Of the cases shown in Figure 105, the most substantial decline in U.S. coal production occurs in the GHG15 case, where an economy-wide CO2 emissions price that rises to $53 per metric ton in 2040 leads to a 50-percent drop in coal production from the Reference case level in 2040. Across the remaining cases, variations range from 15 percent lower to 6 percent higher than production in the Reference case in 2020; and by 2040, as the gap in coal prices widens over time, the range of differences increases to 24 percent below and 16 percent above the Reference case in the High Coal Cost and Low Coal Cost cases, respectively. In two additional GHG cases developed for AEO2013 (not shown in Figure 105), economy-wide CO2 allowance fees are assumed to increase to $36 per metric ton in the GHG10 case and $89 per metric ton in the GHG25 case in 2040, resulting in total coal production in 2040 that is 25 percent lower and 72 percent lower, respectively, than in the Reference case.

Energy-related carbon dioxide emissions remain below their 2005 level through 2040


figure data

On average, energy-related CO2 emissions in the AEO2013 Reference case decline by 0.2 percent per year from 2005 to 2040, as compared with an average increase of 0.9 percent per year from 1980 to 2005. Reasons for the decline include: an expected slow and extended recovery from the recession of 2007-2009; growing use of renewable technologies and fuels; automobile efficiency improvements; slower growth in electricity demand; and more use of natural gas, which is less carbon-intensive than other fossil fuels. In the Reference case, energy-related CO2 emissions in 2020 are 9.1 percent below their 2005 level. Energy-related CO2 emissions total 5,691 million metric tons in 2040, or 308 million metric tons (5.1 percent) below their 2005 level (Figure 108).

Petroleum remains the largest source of U.S. energy-related CO2 emissions in the projection, but its share falls to 38 percent in 2040 from 44 percent in 2005. CO2 emissions from petroleum use, mainly in the transportation sector, are 448 million metric tons below their 2005 level in 2040.

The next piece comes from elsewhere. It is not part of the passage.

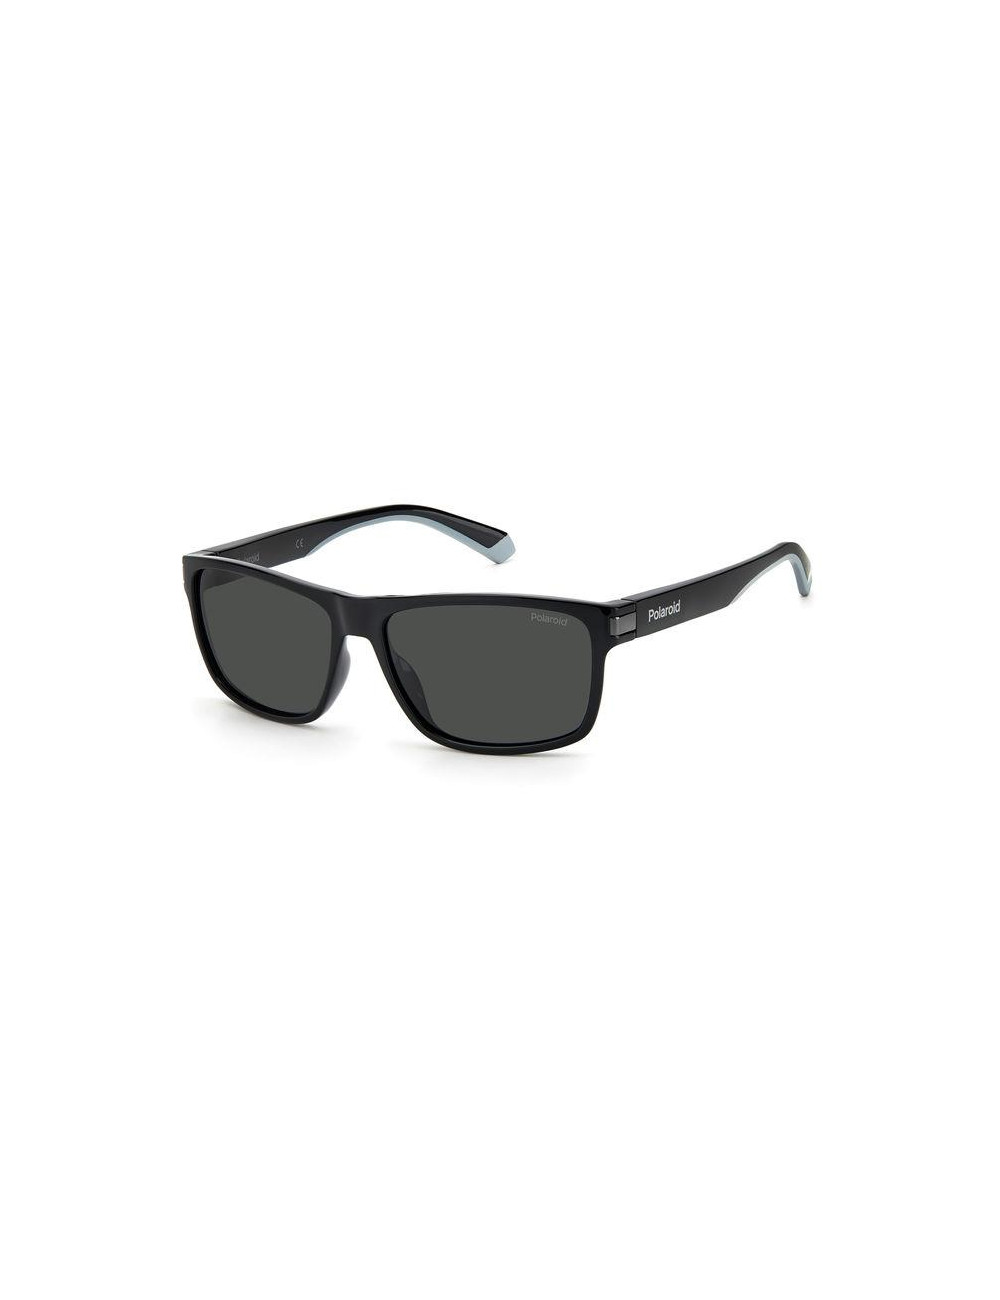 https://www.otticamauro.biz/39557-large_default/polaroid-pld-2121s-men-polarized-sunglasses.jpg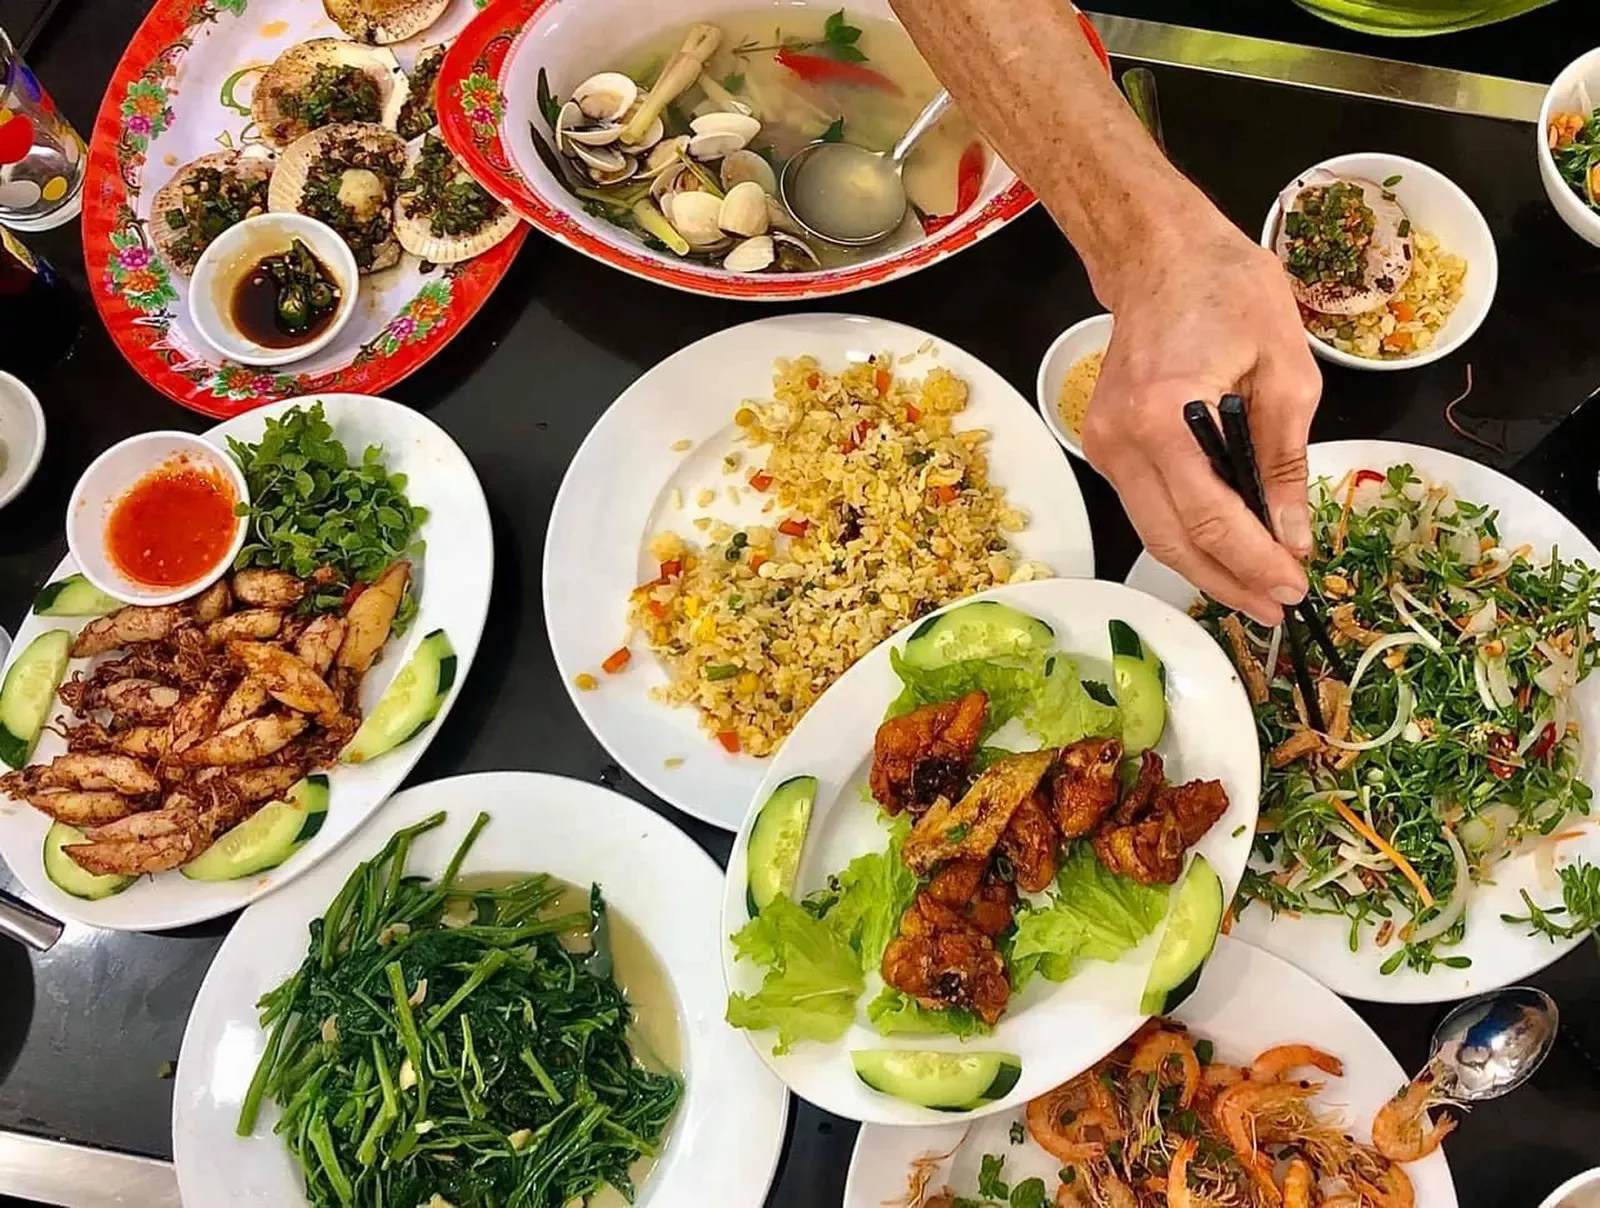 Spread of Vietnamese food, fried rice, meat, seafood, veggies, etc.

Emissions from coal, the second-largest source of energy-related CO2 emissions, are 246 million metric tons below the 2005 level in 2040 in the Reference case, and their share of total energy-related CO2 emissions declines from 36 percent in 2005 to 34 percent in 2040. The natural gas share of total CO2 emissions increases from 20 percent in 2005 to 28 percent in 2040, as the use of natural gas to fuel electricity generation and industrial applications increases. Emissions levels are sensitive to assumptions about economic growth, fuel prices, technology costs, and policies that are explored in many of the alternative cases completed for AEO2013.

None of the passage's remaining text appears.